Tools

I have developed several tools to support and promote research in various domains of information seeking and use. All the tools are created with an open-source model, and available for free under Creative Commons Licenses from GitHub. See here how these tools have helped a number of individuals and organizations around the world in their projects.

[Research works citing and/or using Coagmento: 236 as per Google Scholar, February 19, 2017]

Coagmento is a browser plugin that installs (1) a toolbar that contains buttons to bookmark pages, save snippets of text, open a collaborative text editor, and (2) a sidebar displays the groups history of bookmarks and snippets saved, as well as group chat. It also includes an integrated collaborative text editor. In addition, Coagmento provides a Web-space, called CSpace, where one could visualize and manipulate collected information - individually or collectively. Coagmento also has iPhone, iPad, and Android apps.

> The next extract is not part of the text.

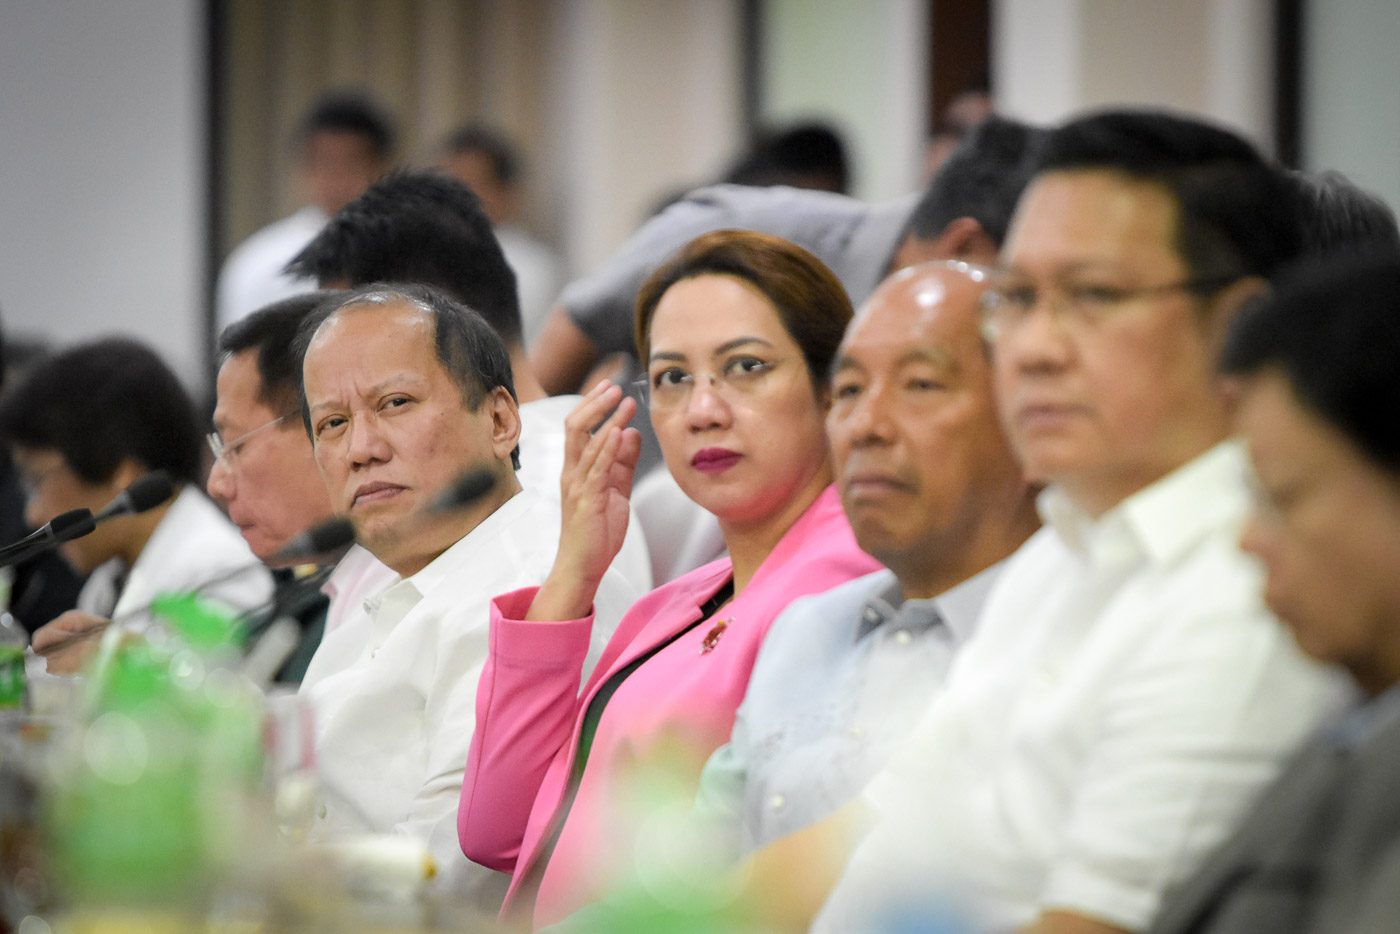 NBI recommends charges vs Aquino, Garin, Abad over Dengvaxia mess

As a research tool, Coagmento has been used in many studies involving individual and collaborative information seeking. This usage has been world-wide, with research groups from the UK, Canada, China, The Netherlands, Chile, and the US.

SOcial and CRowdsourced AcTivities Extraction System (SOCRATES) is a robust, highly usable social-computational platform that is meant to transform the manner in which researchers and educators track, capture, visualize, explore, and analyze social media data and annotations.

SOCRATES has three primary components: Collect, Analyze, and Explore. Currently SOCRATES can collect data from Facebook, Twitter, YouTube, Flickr, reddit, and New York Times. SOCRATES provides a number of analytics tools ranging from correlation to sentiment analysis.

[Research works citing and/or using ContextMiner: 70 as per Google Scholar, February 19, 2017]

ContextMiner is a framework to collect, analyze, and present the contextual information along with the data. It is based on an idea that while describing or archiving an object, contextual information helps to make sense of that object or to preserve it better. The ContextMiner website provides tools to collect data, metadata, and contextual information off the Web by automated crawls. At present, ContextMiner supports automated crawls from blogs, YouTube, Flickr, Twitter, and open Web. It also collects inlinks information for YouTube videos from the Web. Additional sources will continue to be added.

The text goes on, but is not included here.